BOE’s Bailey Has a Message for Funds: ‘You've Got Three Days’ to Wind Up Positions


  • BOE governor says funds have three days to unwind positions
  • Lobby group says bank hasn’t given investors enough time


Bailey Says BOE Will Stop Market Support Friday
By Philip Aldrick and Liza Tetley (Bloomberg)

October 12, 2022 at 1:53 AM GMT+7Updated October 12, 2022 at 4:08 AM GMT+7

Bank of England Governor Andrew Bailey warned fund managers they have until the end of this week to wind up positions that they can’t maintain before the central bank halts its market support, triggering a selloff in the pound and US stocks.
“My message to the funds involved and all the firms is you’ve got three days left now,” Bailey said at the Institute of International Finance annual meeting in Washington on Tuesday. “You’ve got to get this done.”

The comments rattled broad markets, with US stocks turning sharply lower in late trading as Treasury yields rose. The pound fell below 1.10 versus the dollar for the first time since Sept. 29 and weighed on stock indexes. It was last 1% lower at 1.09 at 4:10 p.m in New York.

The Bank earlier on Tuesday expanded the range of its bond-buying program to include inflation-linked debt for the first time to avert what it called a “fire sale” that threatens financial stability.
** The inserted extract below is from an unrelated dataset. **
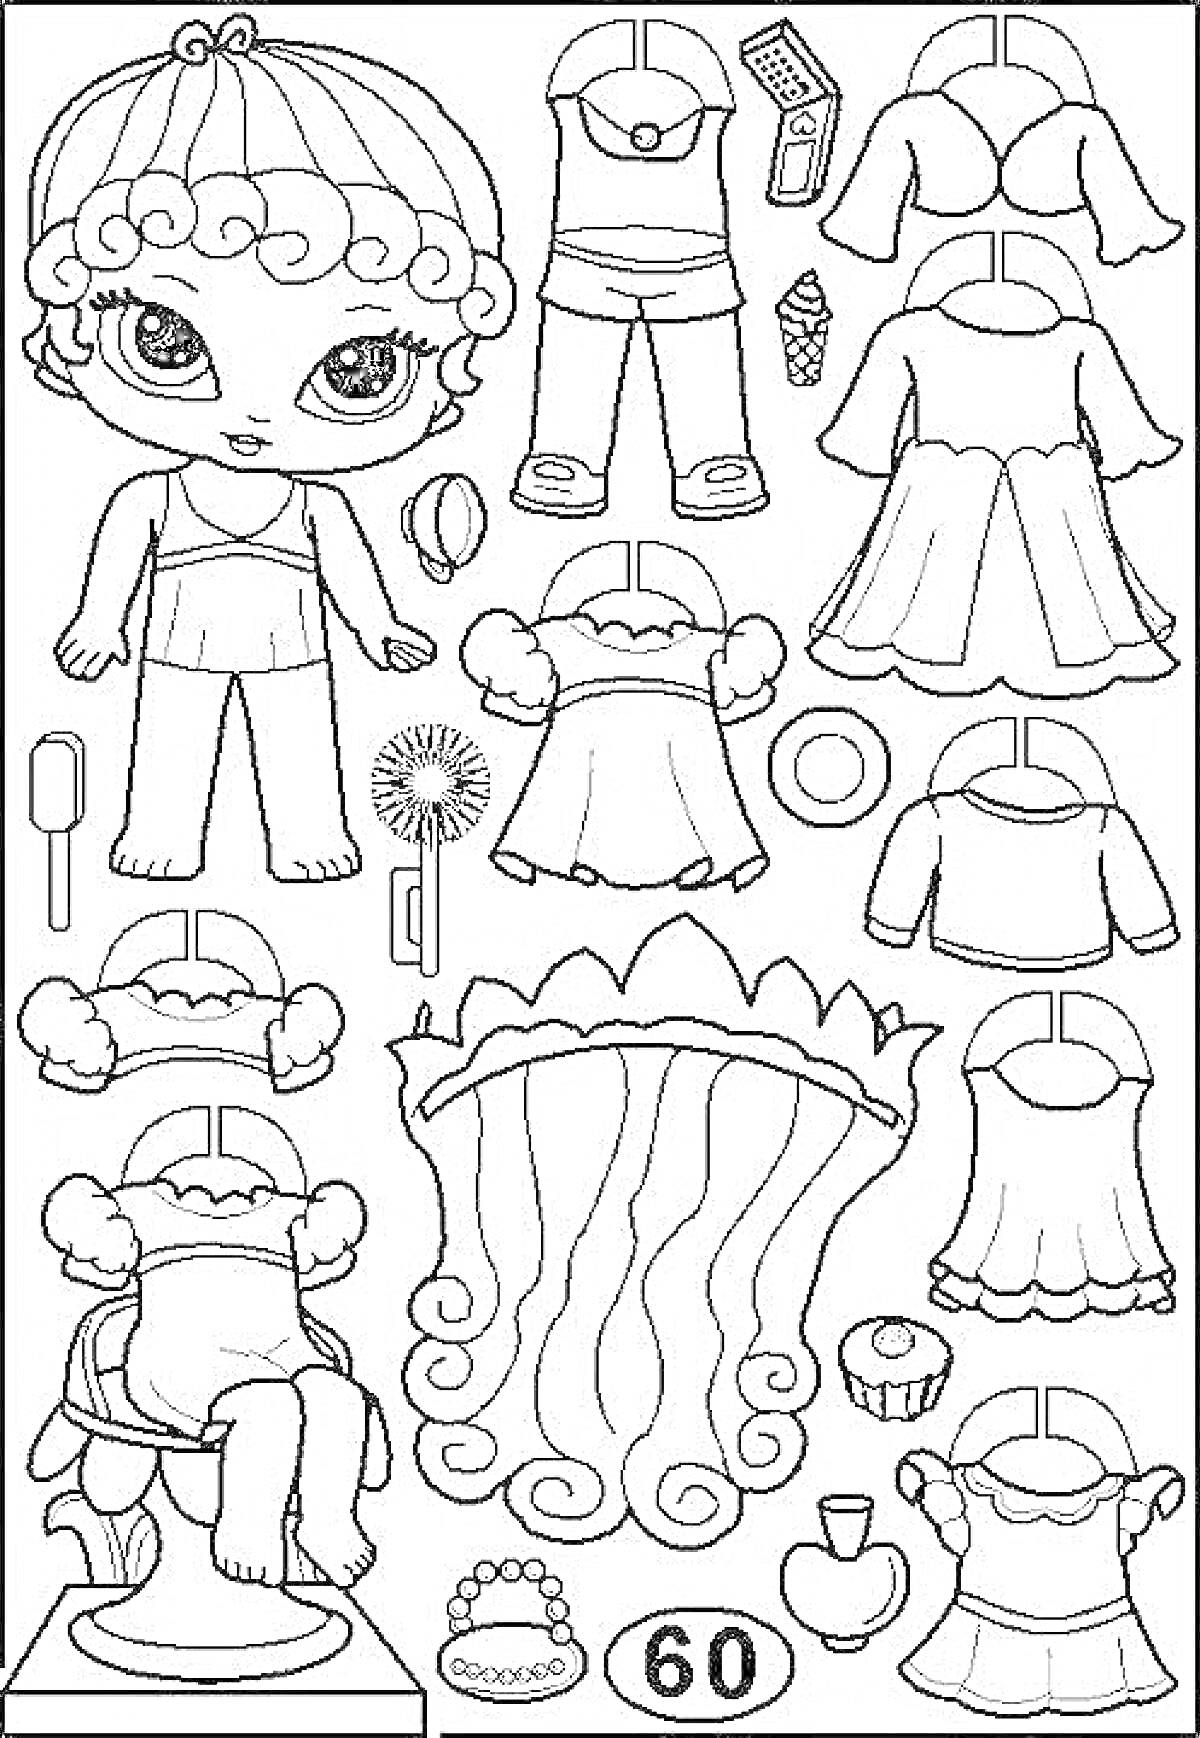 Раскраска Кукла ЛОЛ с различными нарядами и аксессуарами, включая платья, верхнюю одежду, шорты, туфли, сумку, венок, мороженое, леденец, мяч и косметику.
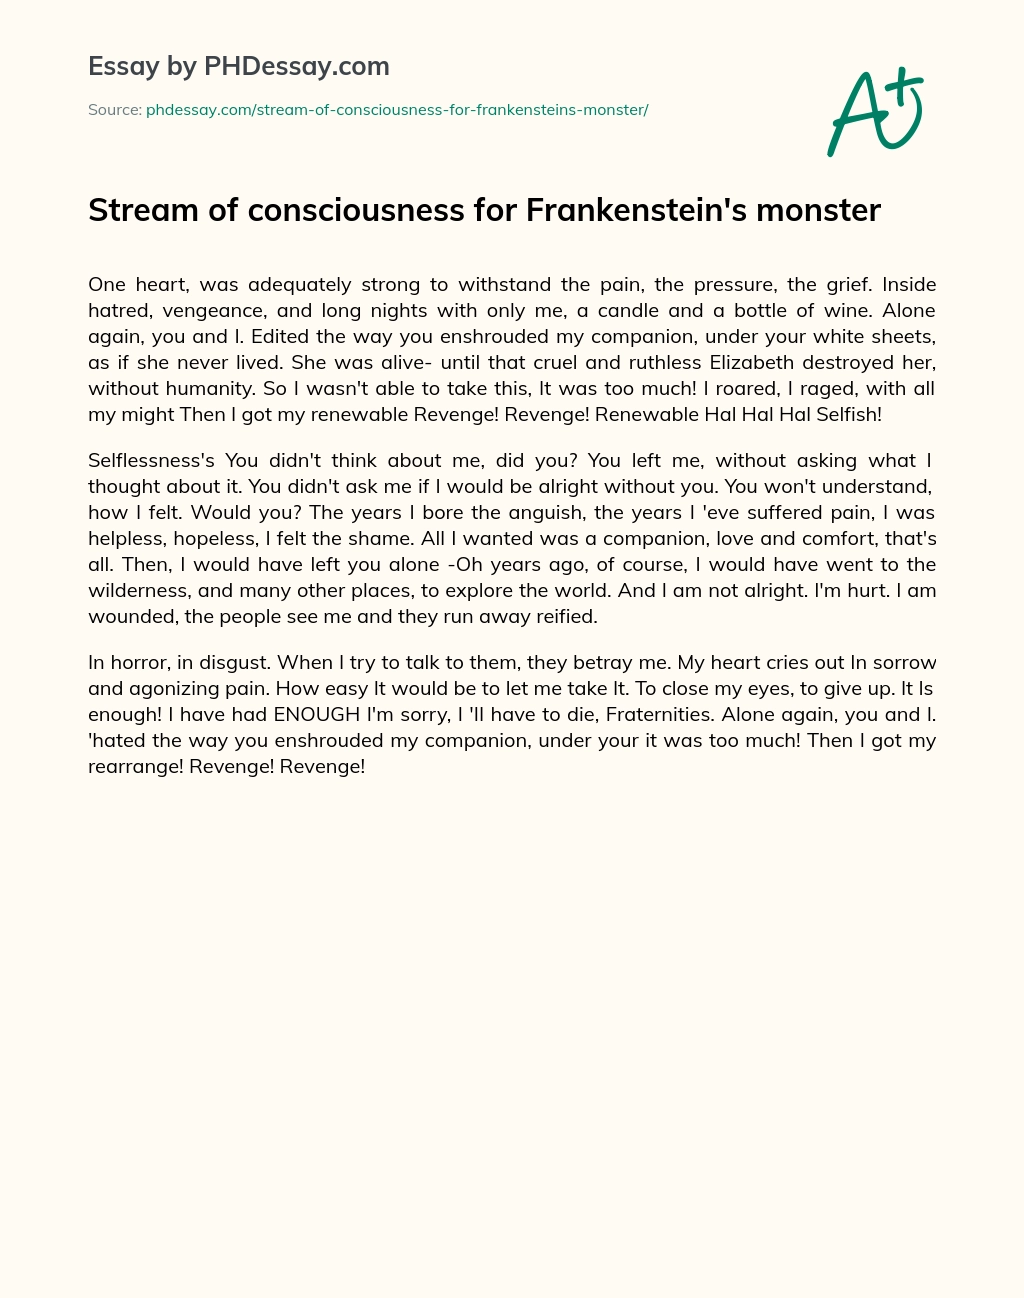 Stream of consciousness for Frankenstein’s monster essay

While the central bank has always said its support will end Friday, a lobby group representing UK pension funds urged Bailey to extend the program at least until the end of the month, saying that investors hadn’t been given enough time to unwind their positions.

“We think markets will force the Bank’s hand to either extend these measures or open new ones into mid-November, their hard stance on taking away the support mechanism is doing the pound no favors,” said Simon Harvey, head of FX analysis at Monex Europe. “The BoE’s actions to expand its backstop reeked of desperation.”

Bank of England Governor Andrew Bailey urged investors to finish winding up positions that they can’t maintain, saying the central bank will halt intervention in the market as planned at the end of this week. The pound slid on the news.

“Two weeks is not enough, and more needs to be done,” said Daniela Russell, head of U.K. rates strategy at HSBC. “Pension funds are taking steps to address their liquidity issues but they are currently chasing a moving target as yields have continued to rise.”

Bailey has been wrestling with the turmoil in markets since Chancellor of the Exchequer Kwasi Kwarteng announced plans for £45 billion ($50 billion) of unfunded tax cuts in an effort to boost the long-term growth rate for the UK economy.

The central bank governor told his audience that he’d worked round the clock for several nights in a row in order to devise the market intervention. The BOE did not want to buy gilts because doing so blurs the distinction with monetary policy, under which it bought £875 billion with quantitative easing.

“We have the two things working in opposite directions,” Bailey said. The BOE is raising rates and has said it hopes to start selling gilts from its Quantitative Easing program, but now finds itself buying gilts to contain instability in the market.


Officials at the bank had tried to come up with a policy that would have directly targeted stresses emerging in so-called Liability Driven Investment strategies, but they had been prevented from implementing them due to a “structural issue,” Bailey said. That had led them to introduce the bank’s initial pledge to buy long-dated gilts.

“In the end, we couldn’t make the targeted intervention into that particular sector,” Bailey said. “So we had to announce that we went by conventional bills.” The package was extended to include corporate bonds at the start of the week and index-linked gilts on Tuesday.
The BOE has previously run stress tests on potential market volatility, but the moves in the past few weeks went beyond the BOE’s worst case scenarios.

Funds have access to the liquidity they need but would have struggled to “bring it over” without upsetting markets. He said there was now “a window of opportunity for the pension funds to do this rebalancing.”